What you should give back is a precise copy of the lines below from the one containing "以下是苹果将如何在苹果专卖店销售一块价值1万美元的手表" through the one containing "Bedroom 2, Beira Rio, Mértola", with no pictures.

Source data Start Marker

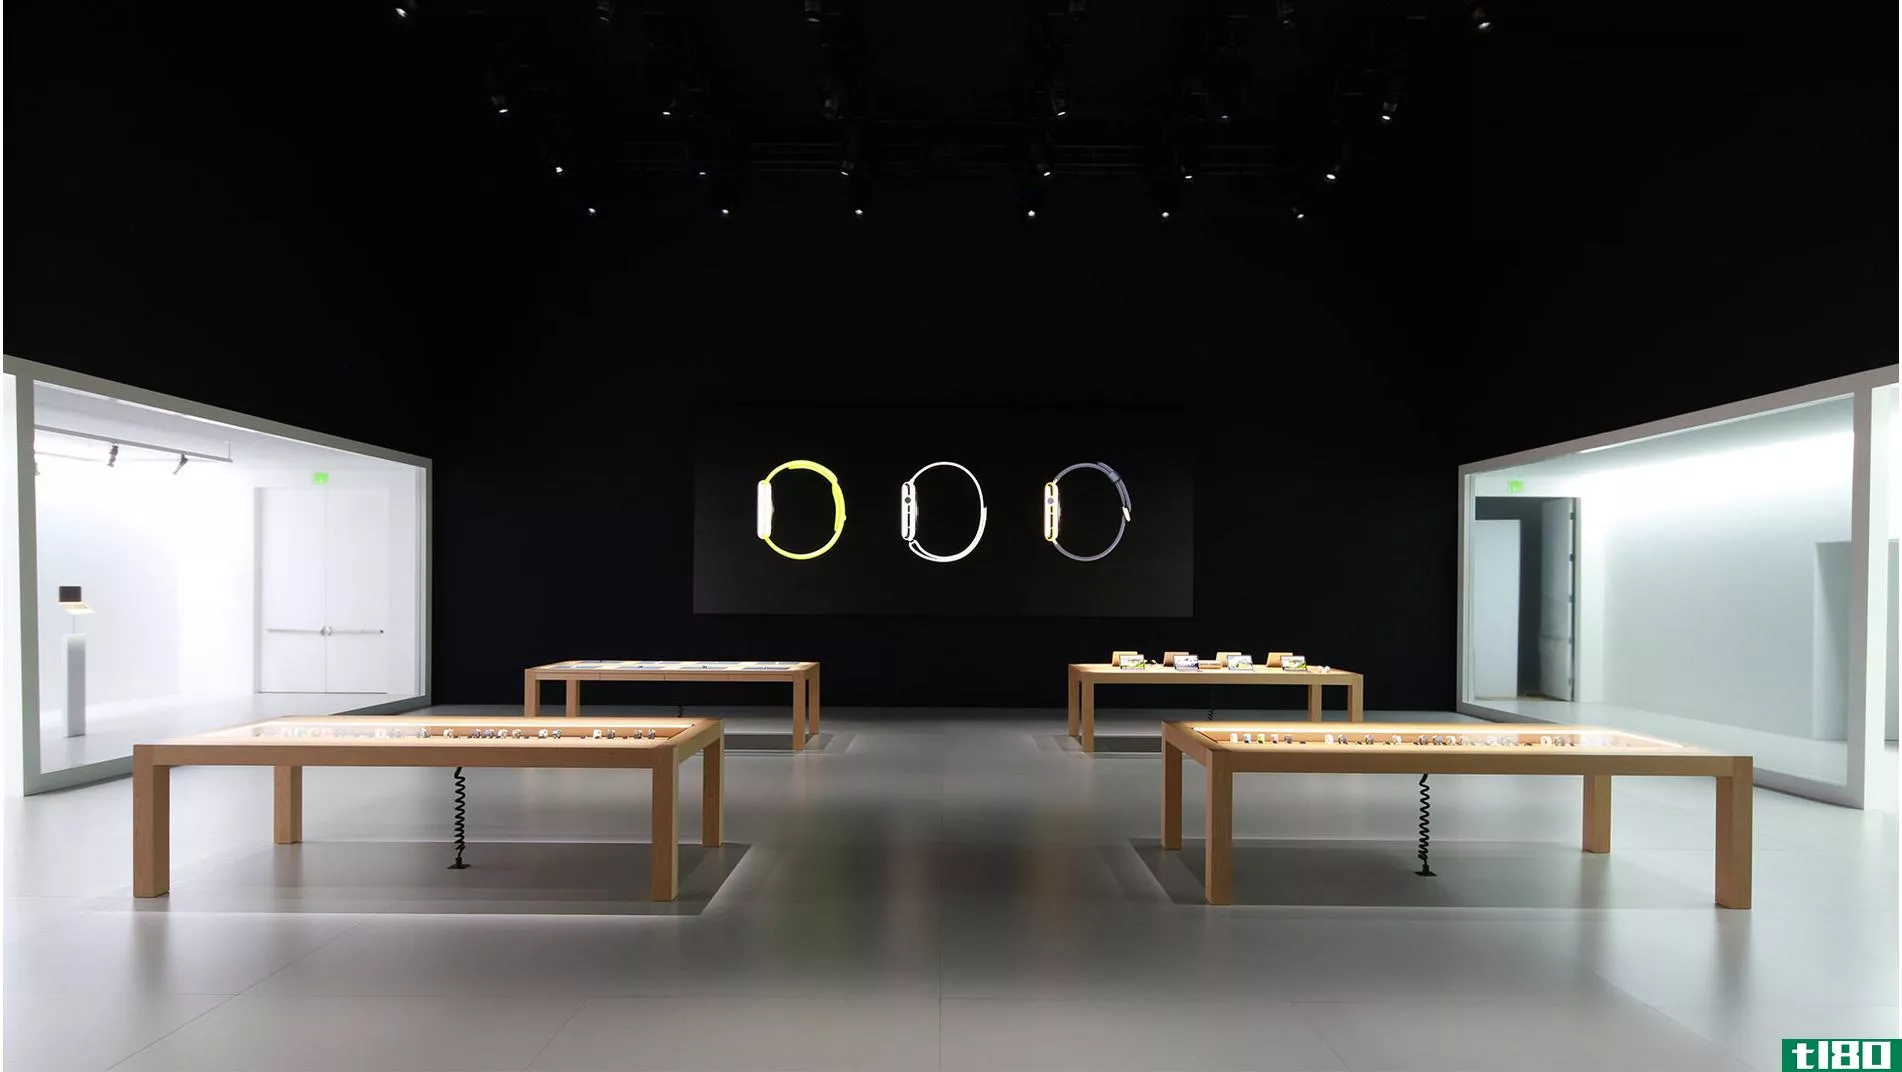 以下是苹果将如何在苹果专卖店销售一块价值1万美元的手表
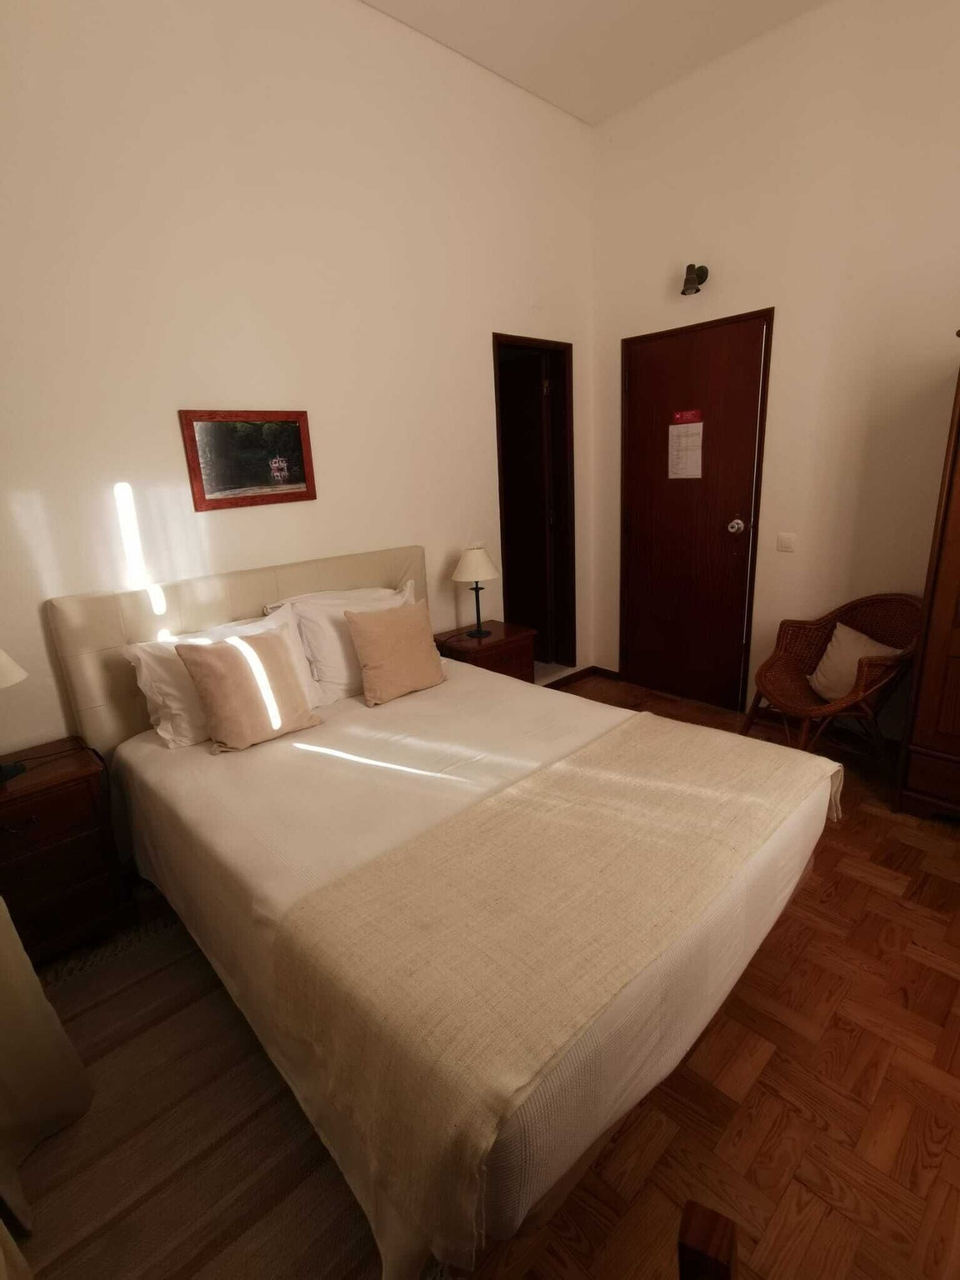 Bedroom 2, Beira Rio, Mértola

Source data End Marker
Source data Start Marker

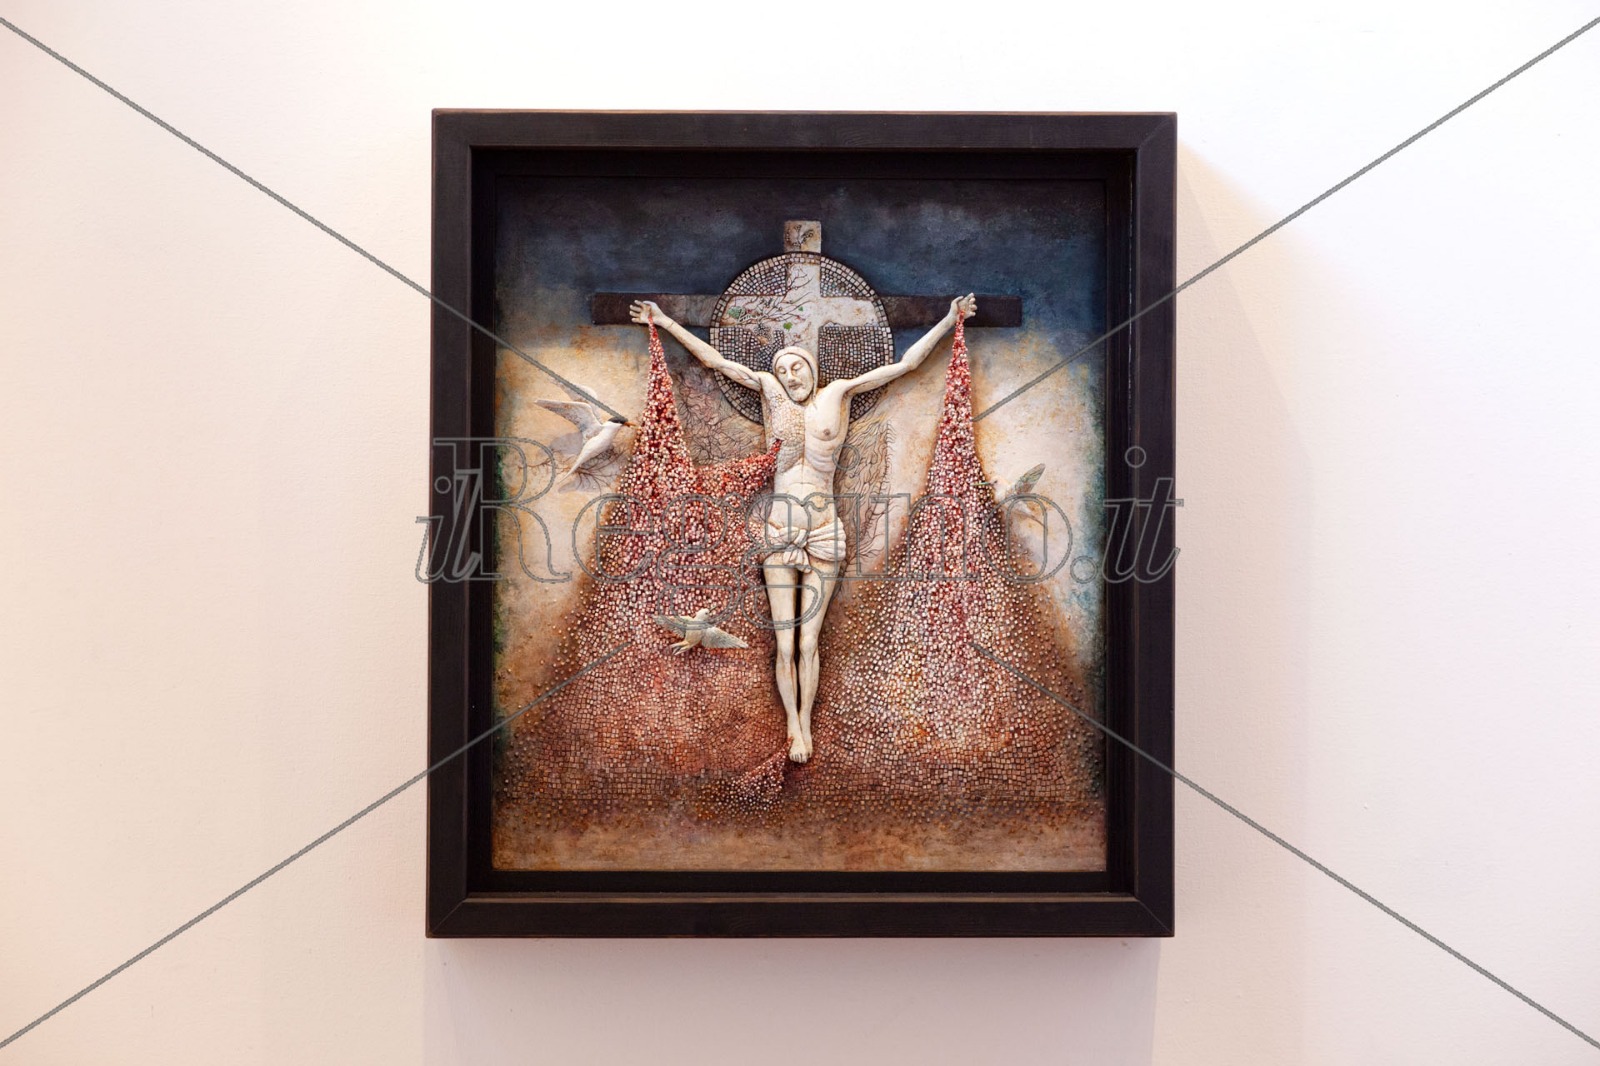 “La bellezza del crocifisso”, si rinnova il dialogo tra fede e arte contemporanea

Source data End Marker
Source data Start Marker

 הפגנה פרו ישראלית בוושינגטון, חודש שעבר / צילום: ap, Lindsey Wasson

Source data End Marker

* **Result below**:
 以下是苹果将如何在苹果专卖店销售一块价值1万美元的手表
 Bedroom 2, Beira Rio, Mértola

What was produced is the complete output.